After dinner, coffee and our trifle dessert was served in the front parlor, and then it was time for farewell handshakes and wishes for 'safe travels'. Away we went, back to our modern world.

I can not recommend this kind of experience enough. OSV did a bang-up job of giving us the use of the early 19th century parsonage,  with its keeping room and a beautiful fireplace and brick oven for doing the cooking. They organized us into four groups - a meat prep team, a vegetable crew, a bread and dessert group, and a cheese and cider snack duo. The keeping room had four distinct tables organized into work stations with pottery, piggins underneath for peelings, trimming, and crumbs. There were wooden bowls and utensils for preparing the dishes ... and away we went! In the course of  three hours, we prepared a fantastic meal.

We left with such an appreciation for the stamina that 19th century housekeepers had.

Sometimes, doing things 'the old-fashioned way' can give you a true appreciation for all things modern. Sometimes, it makes you admire those who got their work done with grace and real finesse during a simpler time. And it makes you keenly aware that the level of knowledge and the acute sense of timing that was needed to put on a true 'spread' was considerable! If you ever get the chance to participate in an event like this, grab it with both hands! You won't regret it!

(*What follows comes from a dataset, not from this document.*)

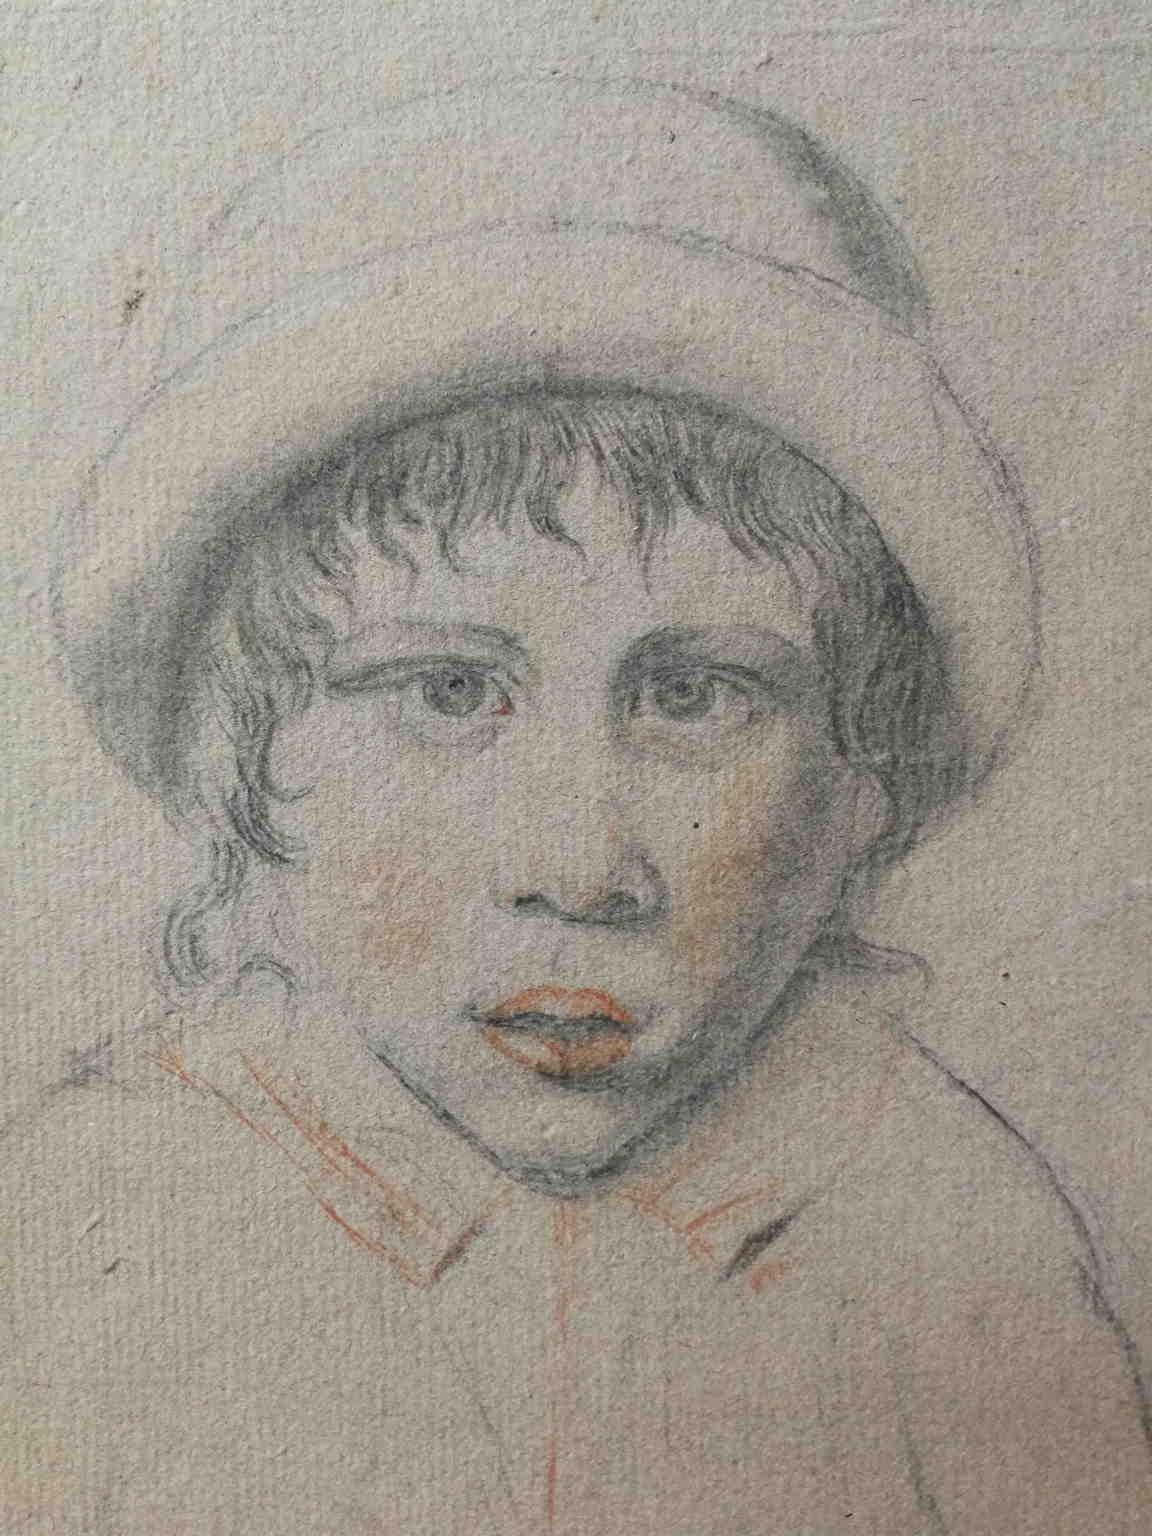 Disegno matite su carta ritratto di fanciullo con cappellino del XVIII secolo - Other Art Style Art by Unknown

Later this week, I'll prepare and post on the beef olives (roulades) that we made that evening. Until, then, I'll just be on a continued 'high' from this experience.


  1. Does that ever sound fantastic. All that food cooked right in the fireplace. Maybe in a later post you can explain more about the pounded cheese. I'm thinking they pounded it so it turns into something like a pub cheese. The coffee beans roasted right there is also really neat.

  2. enjoyed reading your post.... !

  3. Fabulous! Such a grand accounting of a really marvelous experience. Glad you enjoyed food in another century. Lot's more opportunities out there, but OSV truly does it well.

  4. What a wonderful experience! I visited OSV as a young girl and still remember how neat it was to see things made and done as they used to be. I can only imagine how great it would be to actually get to participate!!!

  5. I love these types of classes. Have participated in, and taught, many (in fact, will teach one soon). I've made pounded cheese numerous times. I use a receipt (recipe) from The Cooks Own Book, which was published in 1832. It's possible OSV uses the same one. It IS absolutely wonderful, that's for sure! You can find the receipt on my blog @ www.historiccookery.com

  6. @ Caroline - Thanks for posting this comment and your URL for Susan at FBMKW! She will really appreciate it! Can't wait to visit your blog!!! I'll be your next follower!

  7. Sounds like a wonderful experience! Makes one appreciate the relative ease of the modern kitchen.

  8. I somehow missed this post, I'm glad I just saw it, I was wondering how your evening went. What a fun fun evening! It really does sound fantastic. You obviously had a ball! Great post, loved all the pics.